Специально выставил с первой частью, выделив её цветом в МП, чтобы не вызывать у публики разрыв сознания.

 

Ночь под веществом.

 

    Эх, много праздников на земле славянской. Особенно в православной её части. Вот и Рождество далеко не последний из них. Веруешь, не веруешь, а будьте добры праздник спраздновать. В далёком прошлом остались морозные зимы, когда снег вкусно хрустел на морозе под ногами колядовавшей молодёжи. Во времена, когда горилкой в шинках баловались лишь последние забулдыги, да люди знатного сословия. Купцы там какие, либо чиновники местные. Панове. В те далёкие времена ведьмы ещё не разучились летать на мётлах, черти воровать звёзды и даже Луну. Ну как же без звёзд, спросите вы? Так много их на небе. Бесчисленные мириады, и если какой чёрт утащит в пекло дюжину другую, так кто заметит?
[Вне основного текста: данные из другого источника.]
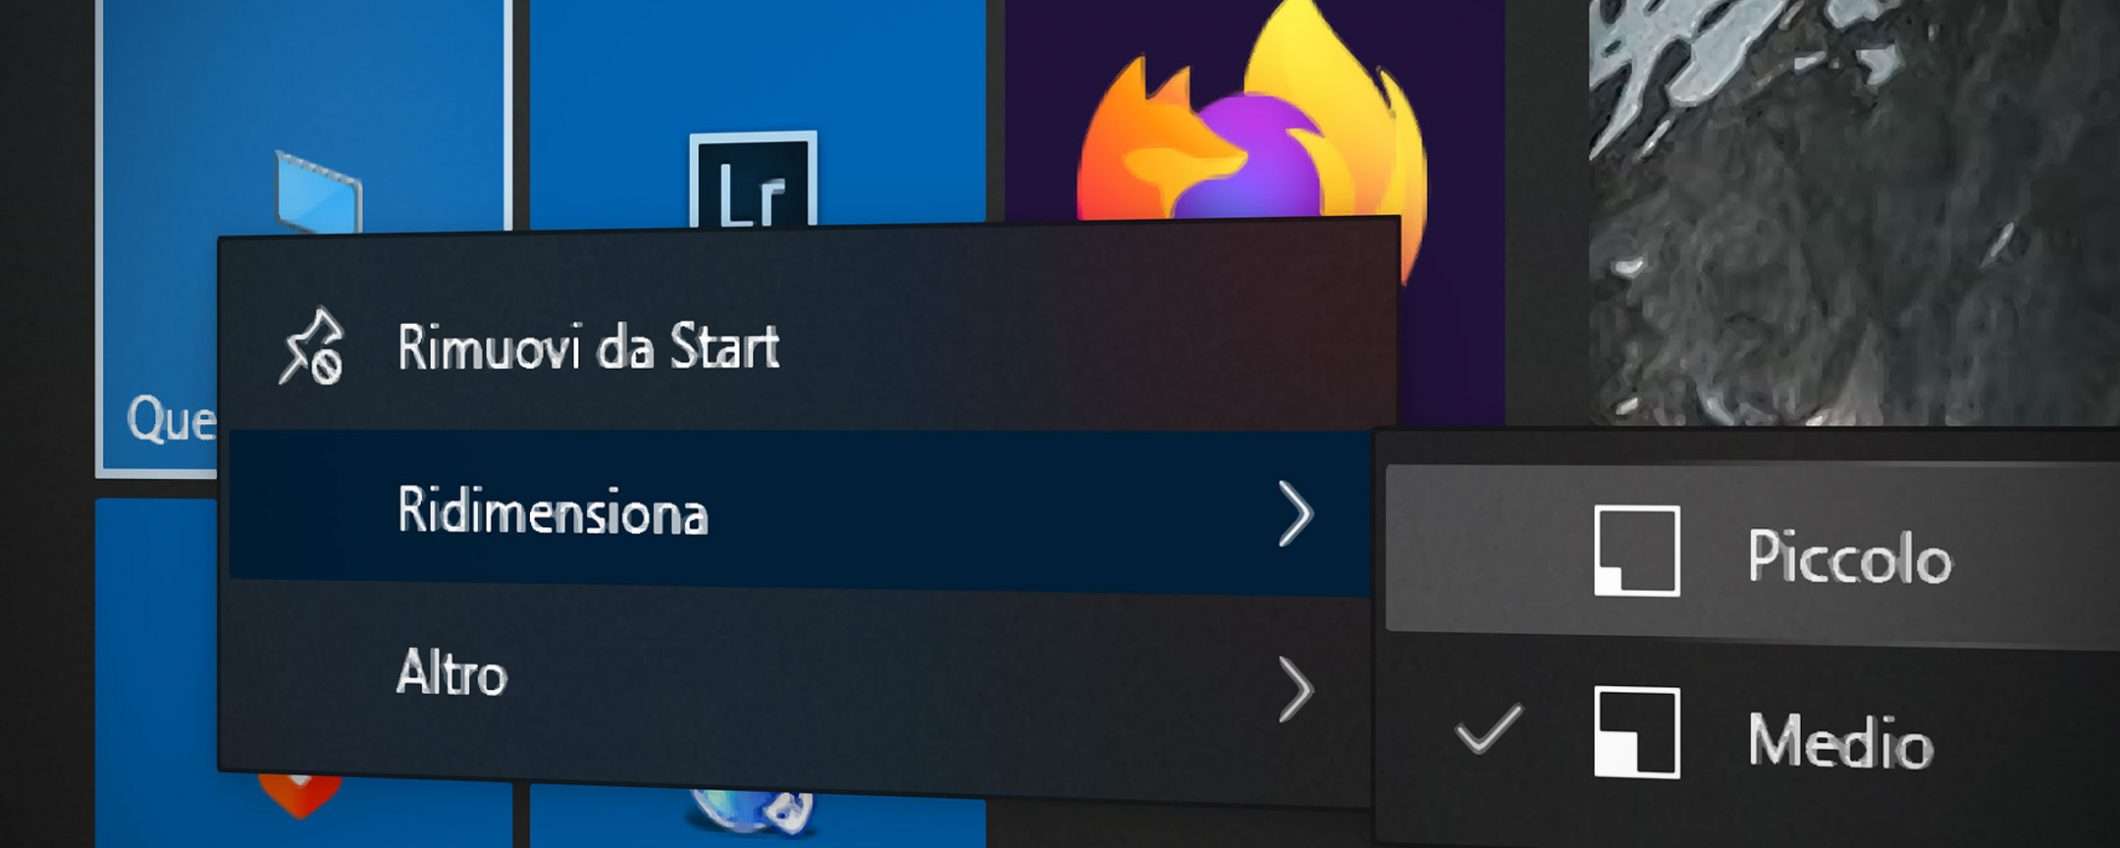 Windows 10: addio alle Live Tile nel menu Start?

    Если бы в те благословенные времена в звёздную ночь проезжал дорогой через хутор запорожский заседатель верхом на запорожской самобеглой колеснице о двадцати лошадях, то непременно бы всех ведьм пересчитал в небе. И точно бы увидел, как одна за другой гаснут звёзды. Да невдомёк было бы ему, что то ведьма, сидя просветом на метле, собирает звёзды в подол. Одна за другой звёзды пропадали, оставляя вместо себя зияющую пустоту. Но не случилось в ту ночь запорожскому заседателю ехать хутором на своей коляске. Иначе непременно бы увидел, что поблёскивающие в подоле звёзды призывно подсвечивают ведьмин просвет, намекая на неземные удовольствия и страсти. Но нет, не ехал наш заседатель, а сидел в шинке у еврея за одним столом с гробовщиком и процентщиком. И выпили они ко времени, как звёзды исчезли, не по одной изрядной чарке еврейской горилки.
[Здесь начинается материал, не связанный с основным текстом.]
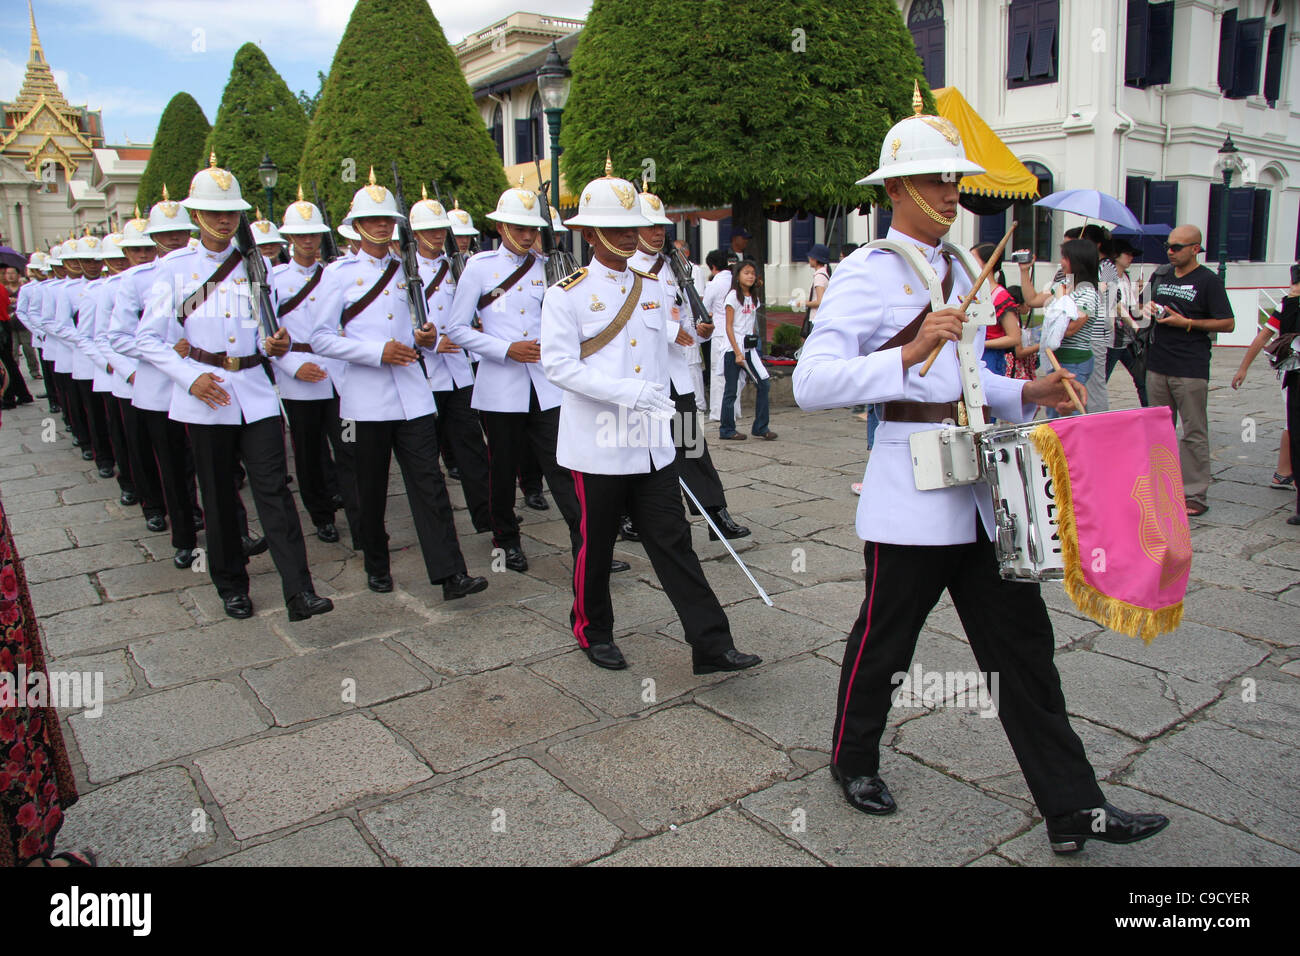 Palace Guards marching at the Grand Palace, Bangkok Stock Photo

    А, как известно каждому доброму человеку, еврейская горилка не простая. Каждый шинкарь с чёртом водится и горилку ту чёртовыми наговорами закрепляет. Чтобы навечно путами нечеловеческими привязать к проклятому зелью, чтобы терял добрый человек память и совесть, и закончит тот добрый человек тем, что заложит своё последнее платье в шинке и выйдет с котомкою на дорогу и попадёт по ней прямо в пекло.
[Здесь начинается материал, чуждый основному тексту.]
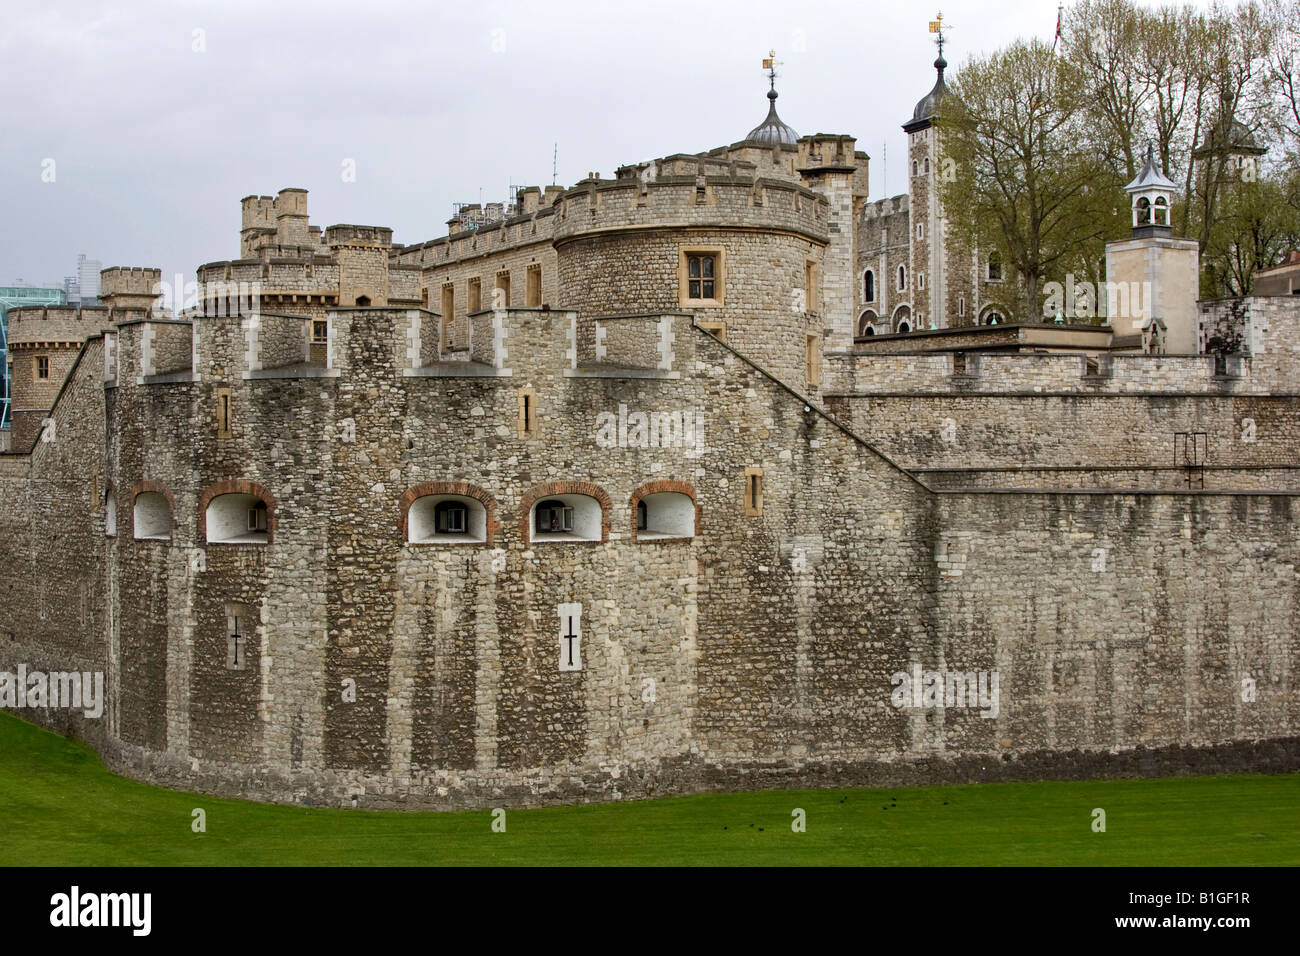 Tower of London, historische mittelalterliche Festung und Palast, London England Stockfoto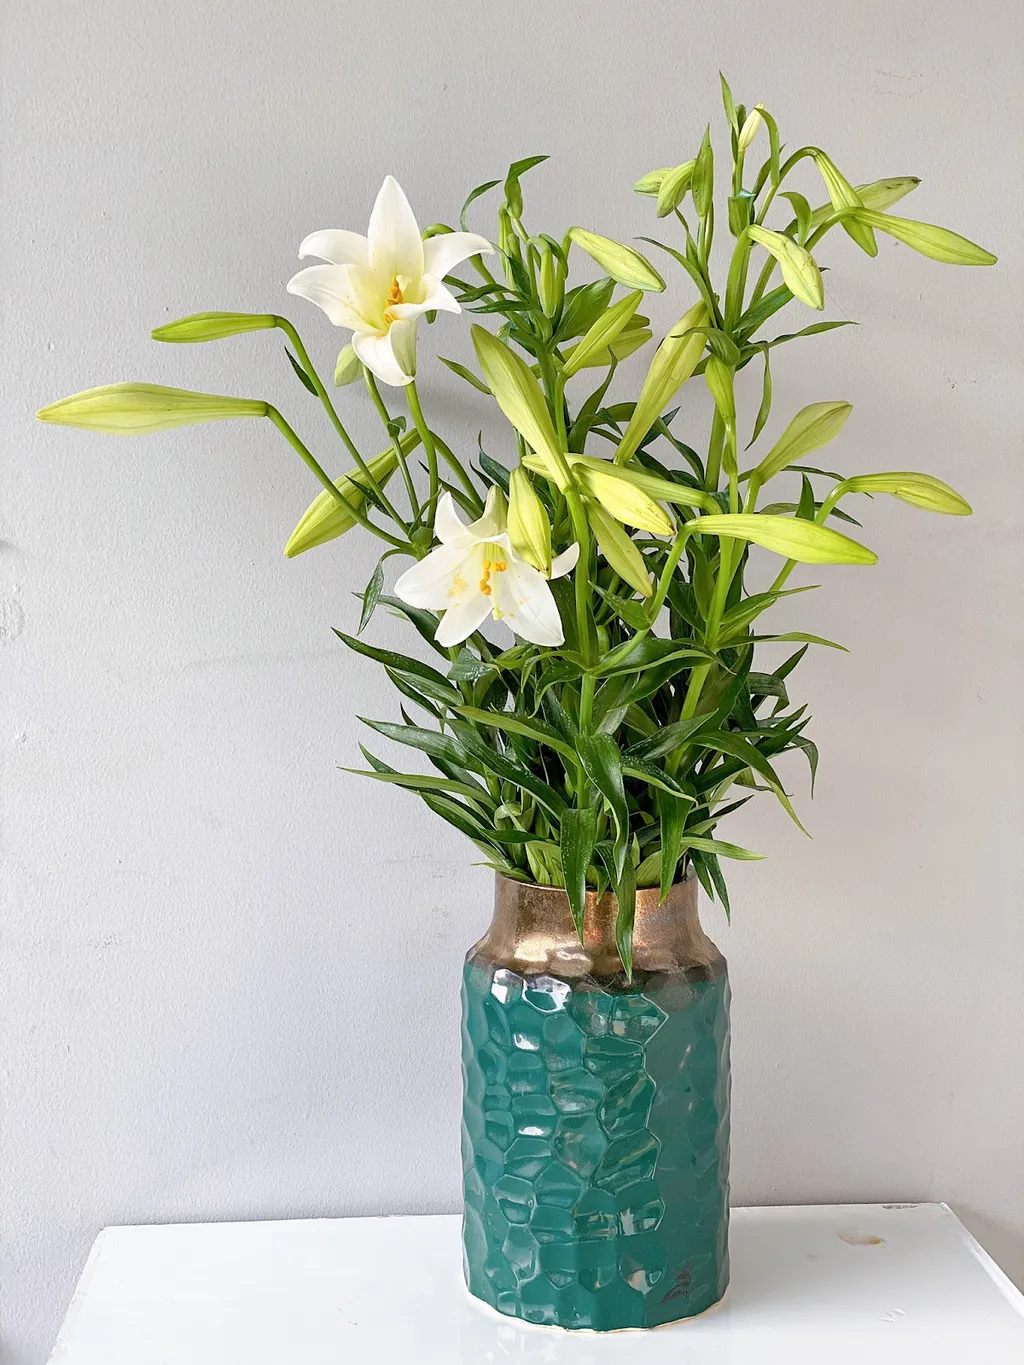 Bằng cách sắp xếp hoa loa kèn trong một bình hoa đẹp mắt, bạn có thể tạo ra một trang trí đơn giản nhưng tinh tế.

    Но вернёмся взглядом в небо. Пустынно оно. Ни звёздочки. Всё ведьмы пособирали и в трубы своих хат позанырнули. Котлы с зельем ставить, добрых людей морочить которым. Вдруг, с закатной стороны в небе образовалось некое шевеление. Словно пучок собачей шерсти ветром в небо вбросило. Неясный комок приближается, но и надев на нос стёкла увеличительные никакой обыватель не поймет, что это такое. Спереди совершенный пёс, только рыжий, длинная мордочка как у лисы, вот только рожки слегка перед длинными лисьими ушами проглядываются. Щеголяет существо ботфортами на тонких ножках и сюртуком кожаным из-под которого сзади развевается совершенно, казалось бы, лисий хвост, кабы не был он таким тонким, ободранным и грязным. Короче, чёрт не чёрт, лис не лис, а так, недоразумение в тюбетейке.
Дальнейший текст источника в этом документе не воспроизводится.